Irak Kürt Bölgesel Yönetimi Lideri Barzani, 25 Eylül’de “Bağımsız Kürdistan”la ilgili referandumun yapılmasında ısrara devam ediyor. Ya da en azından Irak Anayasa’nın 140. Maddesine dayanarak Kerkük’te yapılacak sayım/referandum sonrası bu petrol ve bir zamanların Türk kentini kendisine bağlamak istiyor. Tabii ki petrol gelirinden daha fazla pay istiyor. Oysa birkaç yıldır IŞİD terör örgütüyle mücadele eden Irak merkezi hükümeti de ekonomik sıkıntı içerisinde ve bu sıkıntıyı Barzani’nin de paylaşmasını istiyor. Sınırımızda ve sinir uçlarımızı ayağa kaldıran bu referandum son günlerde Türkiye’yi germeye başladı.
Ancak bu gerilim iktidardaki AKP’den çok MHP’de baş gösteriyor. Barzani ile işbirliği yapılan 2008 yılından itibaren ve özellikle Türkiye’ye göz göre göre kazığın atıldığı PKK’yla Açılım ve Çözüm Süreci’nin başlangıcından itibaren MHP yöneticileri ve düşünce adamları AKP iktidarını bu konuda beyhude yere ikaz edip durdular.

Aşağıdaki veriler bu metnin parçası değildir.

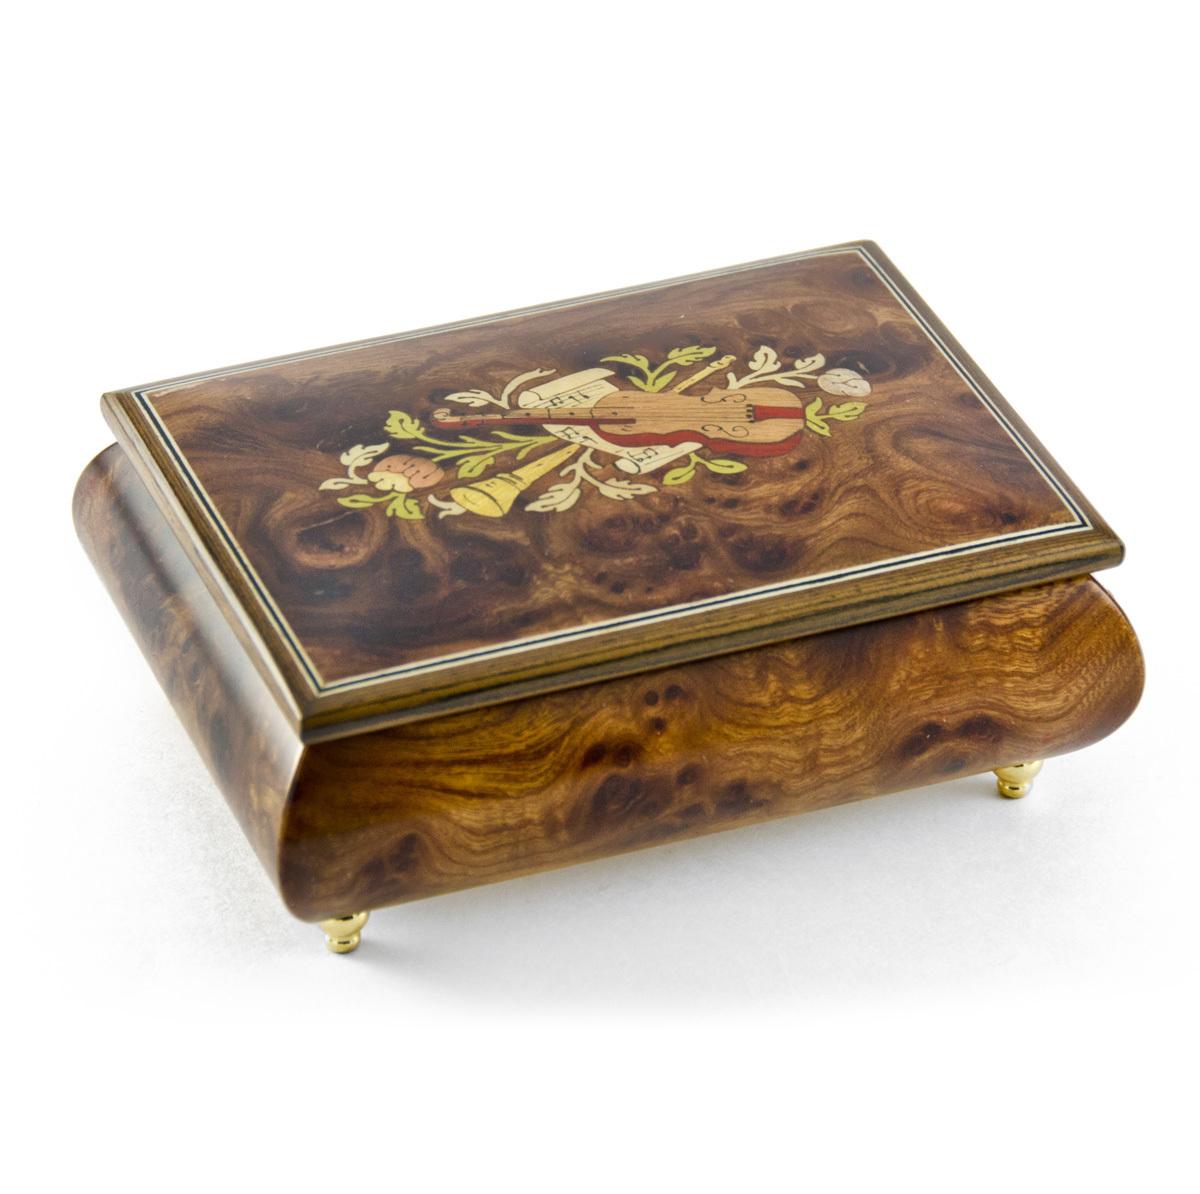 Charming Hand Made Walnut Instrument Theme Wood Inlay Music Box
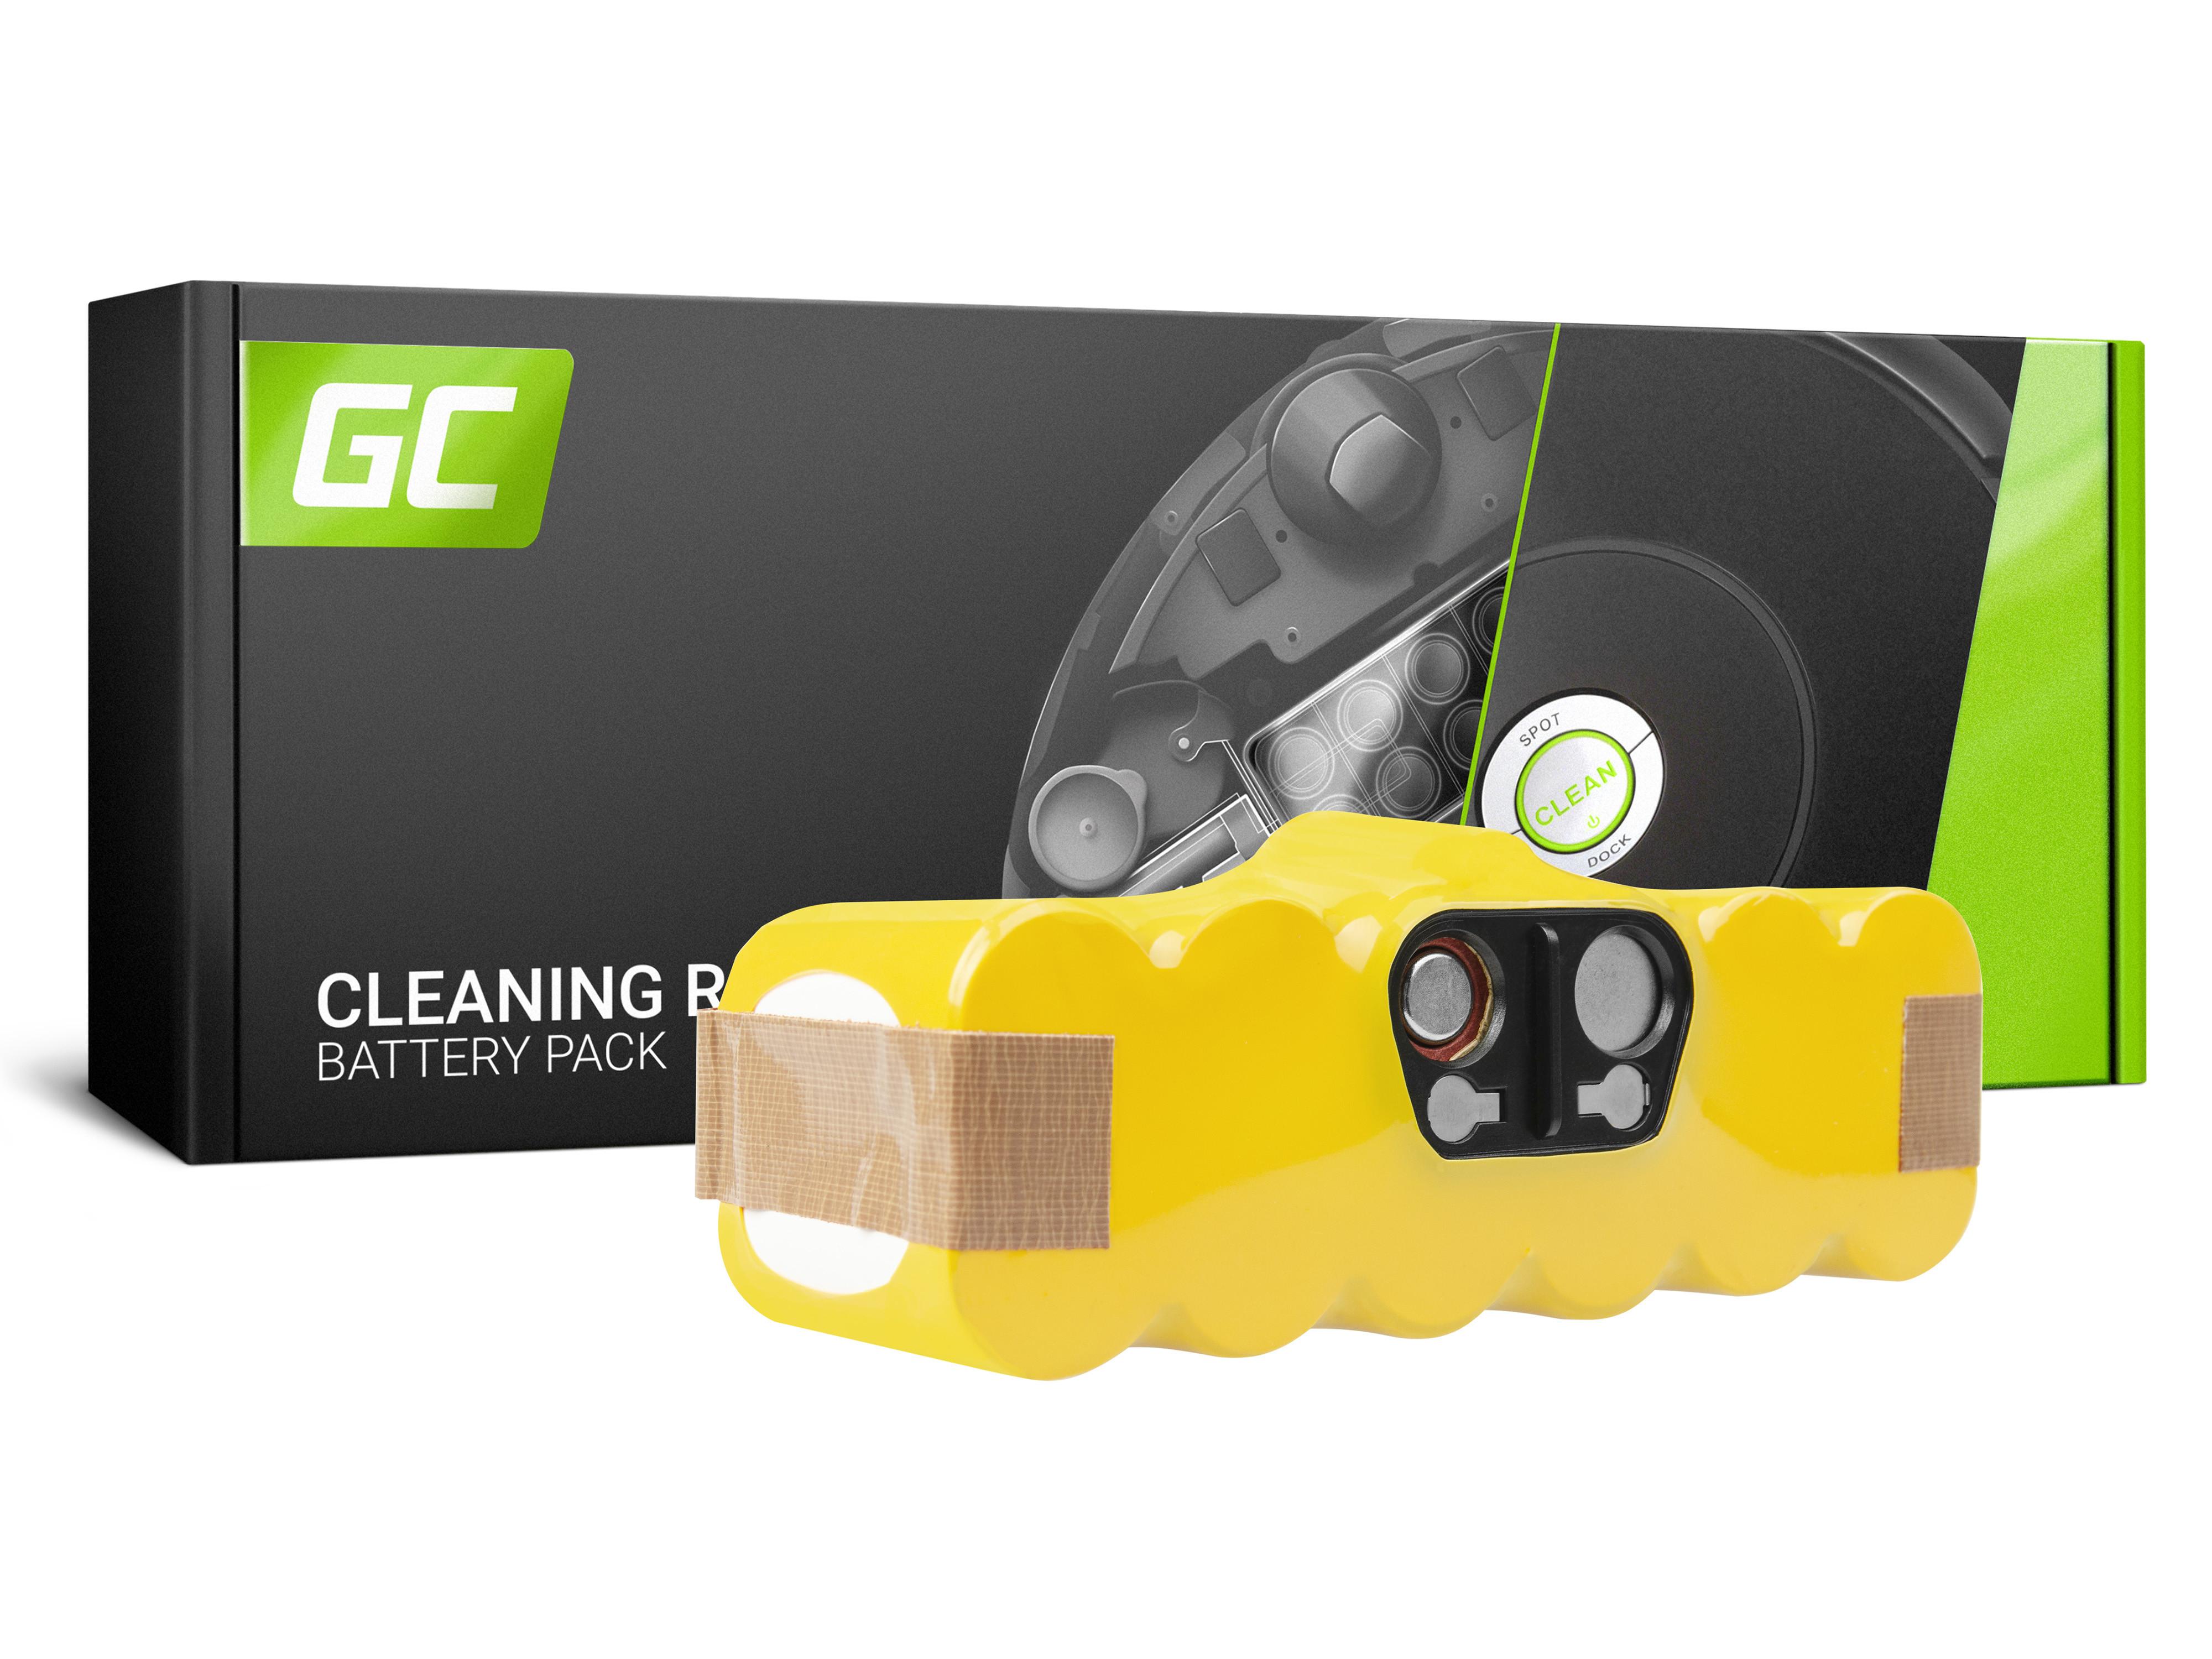 Baterie Green Cell iRobot Roomba 80501 510 530 540 550 560 570 580 610 620 625 760 770 780 14.4V 3000mAh Ni-MH – neoriginální

2011-2012 döneminde Ankara’daki bazı sefaretlerin askeri ataşeleri ile bir-iki kez bir araya geldiğimde konu Irak’ın kuzeyinden açıldığında, “Bize göre Irak’ın kuzeyinde yeni bir devlet kuruluyor. Üstelik bu Türkiye’nin eliyle oluyor gibi…” demişlerdi. Haksız da değillerdi. Bugünlerde “Ülke güvenliği söz konusu olunca ekonomiymiş, ticaretmiş, şuymuş buymuş önemli değil!” diyen Cumhurbaşkanı Erdoğan ve o dönemin Dışişleri Bakanı-sonra Başbakanı Ahmet Davutoğlu’nun Türkiye’yi getirdiği “değerli yalnızlık” içerisinde, Azerbaycan dışında tek müttefik Barzani idi!
Davutoğlu’nun Mesud Abi (Kak Mesud)’si Barzani ile kazan – kazan (win win) gibi Erdoğan ve AKP’nin o zamanlar pek sevdiği ilişkiler eksiksiz işlemeye başlamıştı. Çoğunluğu Diyarbakır merkezli, AKP’ye yakın işadamları Erbil’i Ankara’dan daha sık ziyaret ediyorlardı.
Bizler ise “Barzani’yi bu kadar semirtirseniz yarın bağımsızlığını ilan eder!” diye feryat ederken, AKP’nin Irak sınırına yakın kentlerinden milletvekili seçilenleri “Ne var bağımsız olursa? Başka ülkelere kaptıracağımıza, Türkiye’ye bağımlı bir devletin ne zararı var?” diyebiliyordu. Bu çıkışa Erdoğan ve AKP ses çıkarmadığı gibi onu kongrelerine davet edip “Bu millet seninle gurur duyuyor!” diye Barzani’yi göklere çıkartıyorlardı. İnşallah beslenen karga gözleri oymaz!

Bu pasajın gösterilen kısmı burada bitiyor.